Along with source code, scientists are now typically asked to document the computation environment, including factors such as the operating system and version, hardware setup (RAM, processor, etc.), and the programming languages used. Scientists are also asked to document any software dependencies (such as external libraries) that are required to maintain and run the source code. Software documentation is a standard software engineering practice and an important component of software maintenance in general. Some museums have undertaken software documentation as part of their conservation practice (Wharton and Engel 2014).

Scientists are also required to provide raw data with their results. We believe that artists should also provide all relevant media files (images, sound files, etc.) for their works at the time of acquisition in uncompressed formats. Artists who create works of database art should also provide museums with stand-alone copies of all of the relevant data along with the hardware and software tools to continue retrieving data, if that is relevant to the work of art.

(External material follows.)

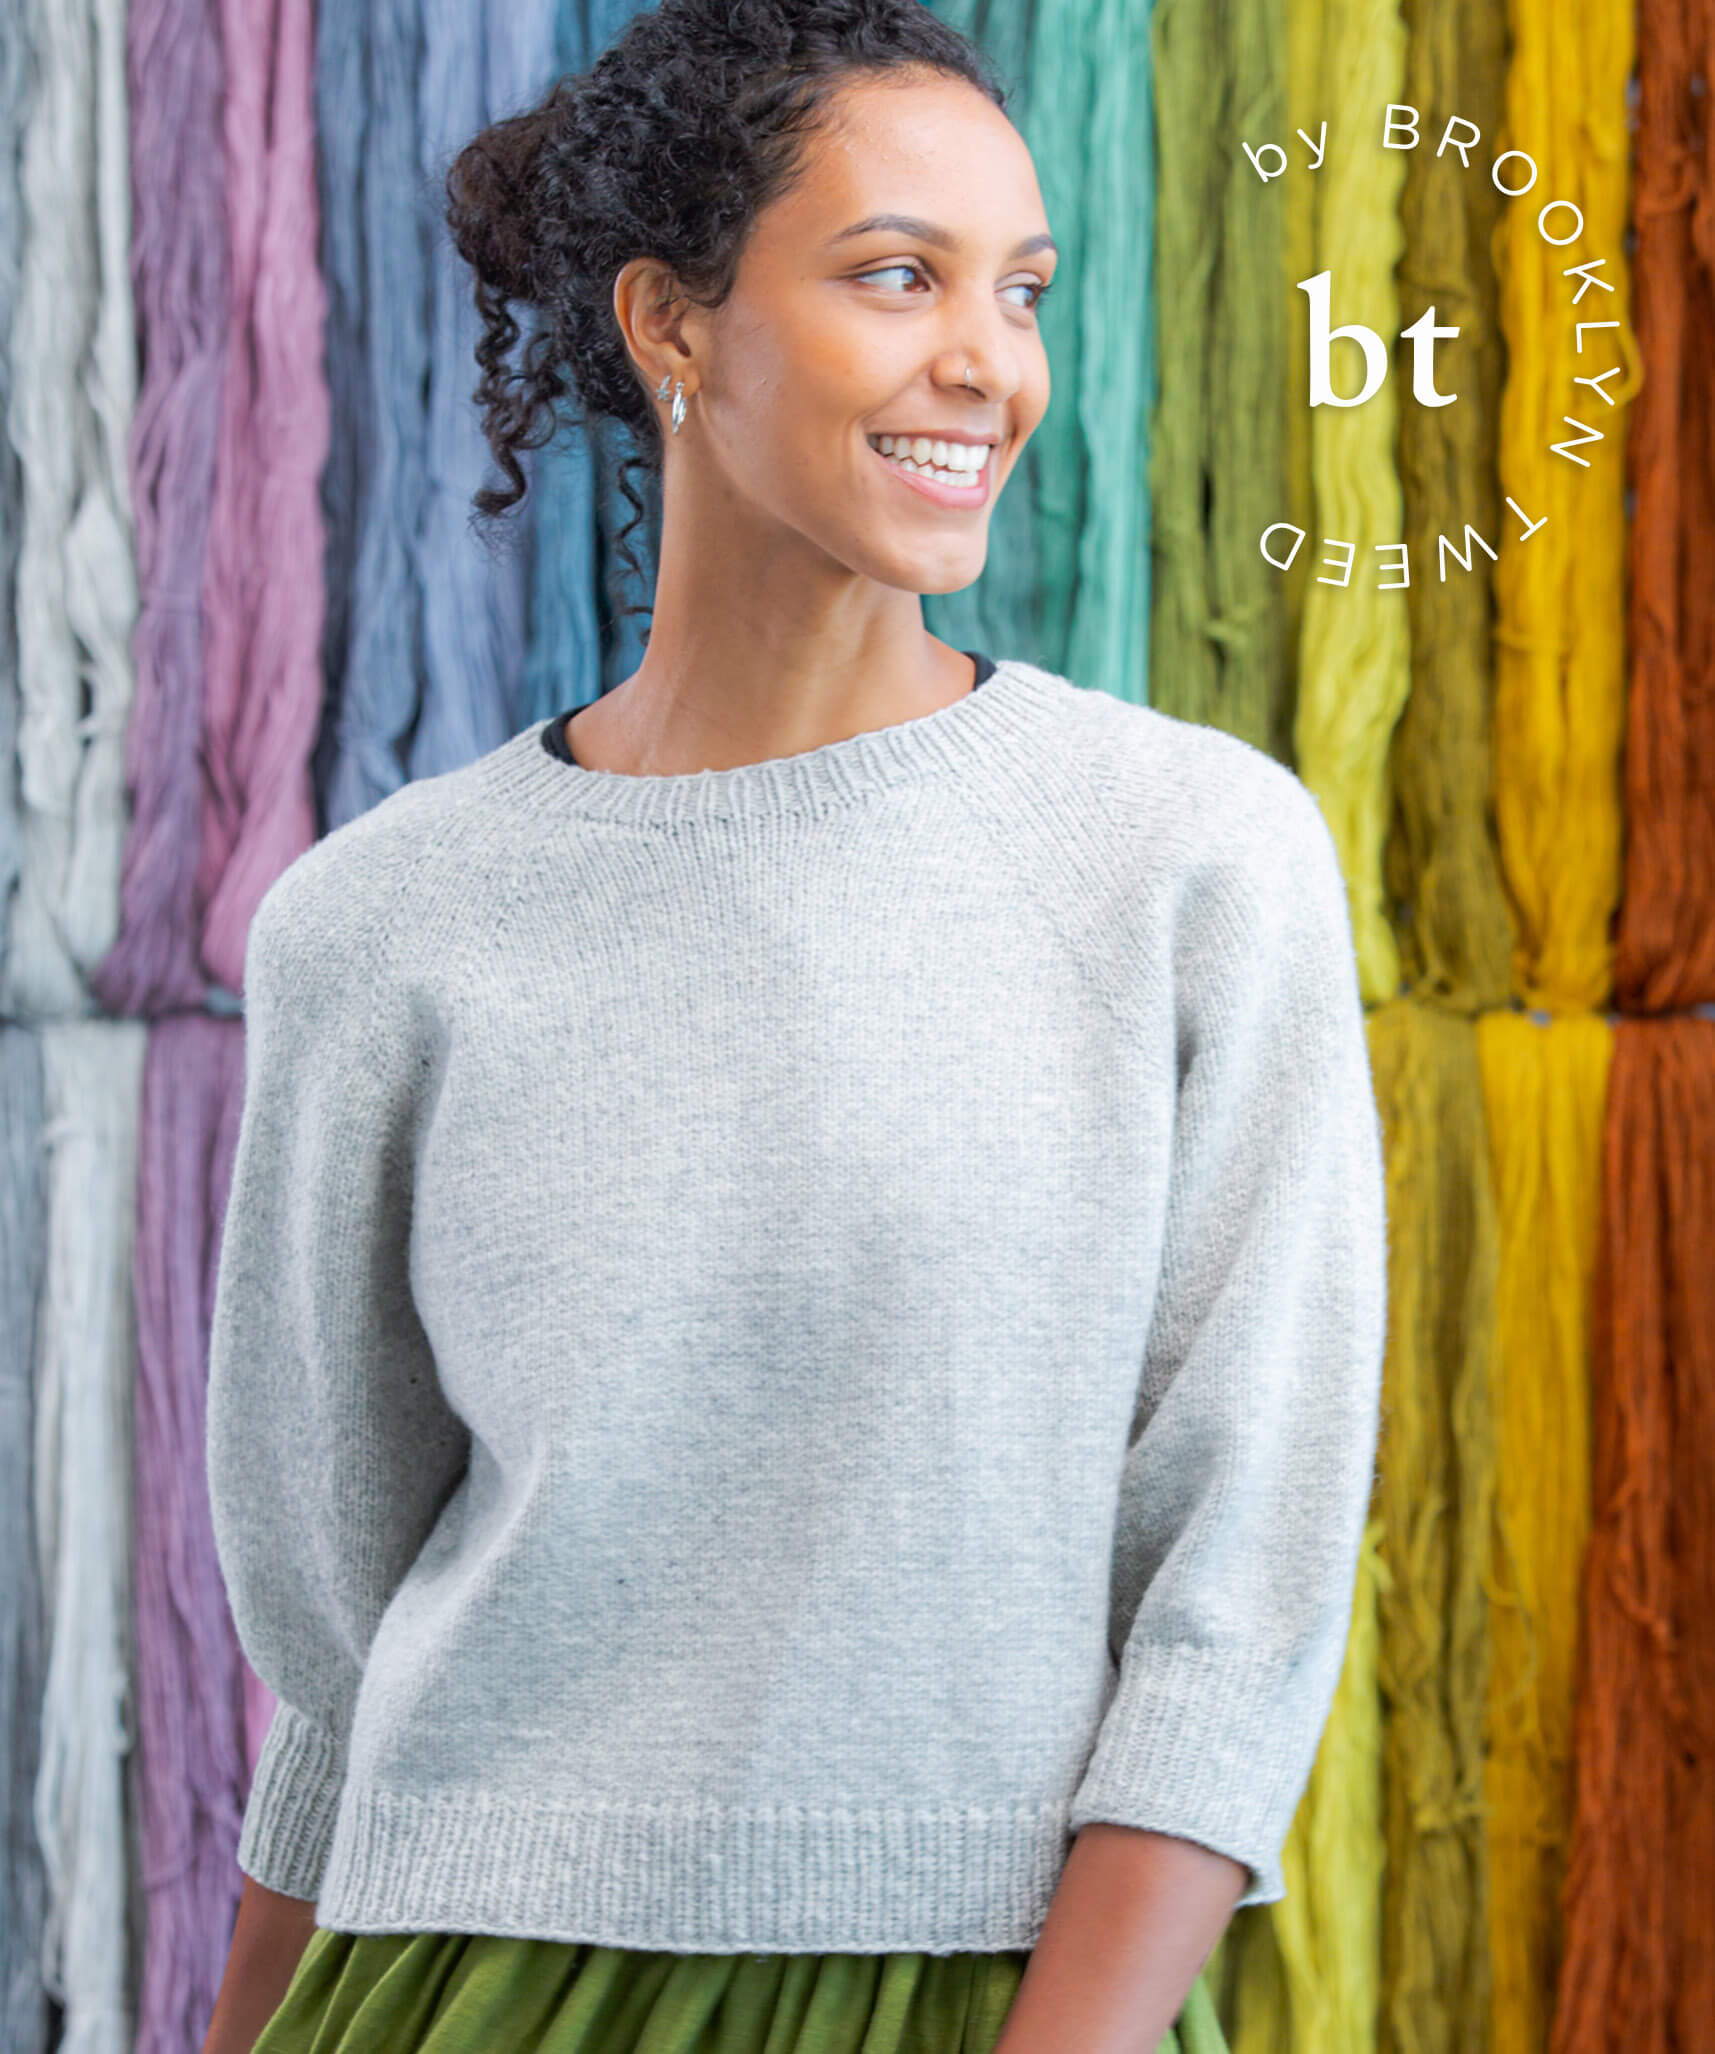 First Raglan Sweater | Beginner-Friendly Knitting Pattern | BT by Brooklyn Tweed

WHAT ART CONSERVATORS CAN LEARN FROM COMPUTATIONAL REPRODUCIBILITY

In our research, we came across two additional areas of practice in software engineering that have had very positive outcomes with respect to computational reproducibility and we believe should inform standard conservation practices for works of software art going forward. These two practices are as follows:

  1. Implementing version control
  2. Differentiating between code and a system configuration and parameters

We then shifted our research to focus our case studies on these two areas, which we believe can further strengthen art conservation efforts for software art.

Software Version Control

Software version control is a system of managing and tracking changes to a collection of information, such as the source code of a computer program. Many of us have developed our own basic systems of version control, such as saving multiple copies of a document we were working on, perhaps with a date stamp or revision number in the filename. It’s a familiar approach; however, for a complex collection of computer source code, such a system has the potential to be error prone. Software developers realized the need for more structured systems based on this same principal, to keep track of how a document has changed over time and who made the changes.

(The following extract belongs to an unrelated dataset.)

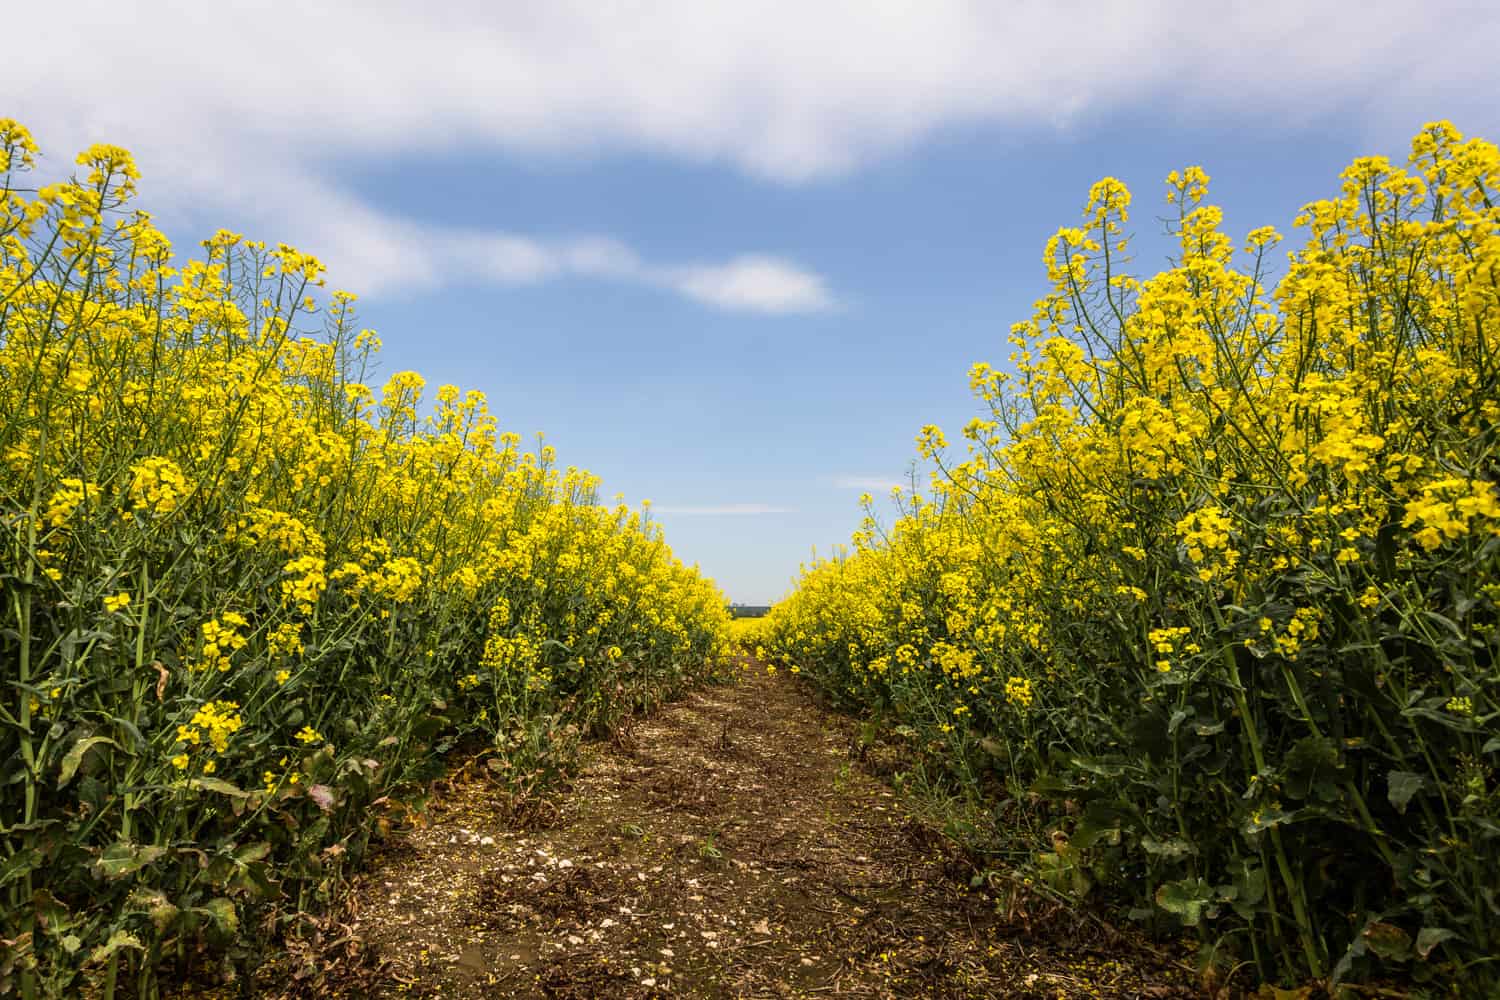  Yellow Field - original edit - Hampshire Photography by Rick McEvoy

One of the earliest systems of software-based version control was called the Source Code Control System (SCCS) and was developed at Bell Labs in 1972 by Marc Rochkind. SCCS allowed one individual at a time to modify a source code file and would record those changes to a special history file.  The history contained a cumulative record of which files were changed along with a user id and timestamp. SCCS had a number of commands that would allow one to compare differences across files, revert to older versions, and make a branch or derivative version of the source code, among many others. SCCS was the dominant version control software for many years and was eventually superseded by the Revision Control System (RCS) that was initially released in 1982 by Walter F. Tichy at Purdue University. RCS introduced a more space efficient way of tracking changes; this was important at the time, as hard drive space was a precious resource.

Version control systems have continued to evolve in their efficiency and add complex feature sets through today. The current dominant system is called Git, which was developed by Linus Toravalds, the inventor of the Linux operating system in 2005.

All of the version control systems share some common core concepts:

– A repository is a database of changes to the code, documents, or information for the project. It contains all edits and historical versions of the files.

-A working copy is a local copy of all the files in the project. These are the files one would make changes to. The set of files is also sometimes referred to as a checkout as one would check it out from the repository. Once a change has been made to the working copy, it is checked in or committed to back to the repository with information about the author, a comment on what was added or changed, a record of what changes were made, and a timestamp.

-A branch is a set of files that are forked or split off into a new copy of the code. This code could be manipulated in different ways or at a different pace from the code it was branched from independently. It is possible to merge a branch back into the version it was derived from.

As version control was developed to manage increasingly complex software projects, it offers a great deal of advantages to those who are conserving software-based works of art, if one has acquired the source code along with the artwork. Some of these advantages are:

-Version control offers the ability to store the history of changes to the artwork. If the creator of a program used version control earlier on, the conservator would have a granular set of records about its creation. For example, the media art programming language Processing (https://processing.org/) has used version control since its inception and has tracked every modification, addition, and deletion over 14 years (see fig. 1).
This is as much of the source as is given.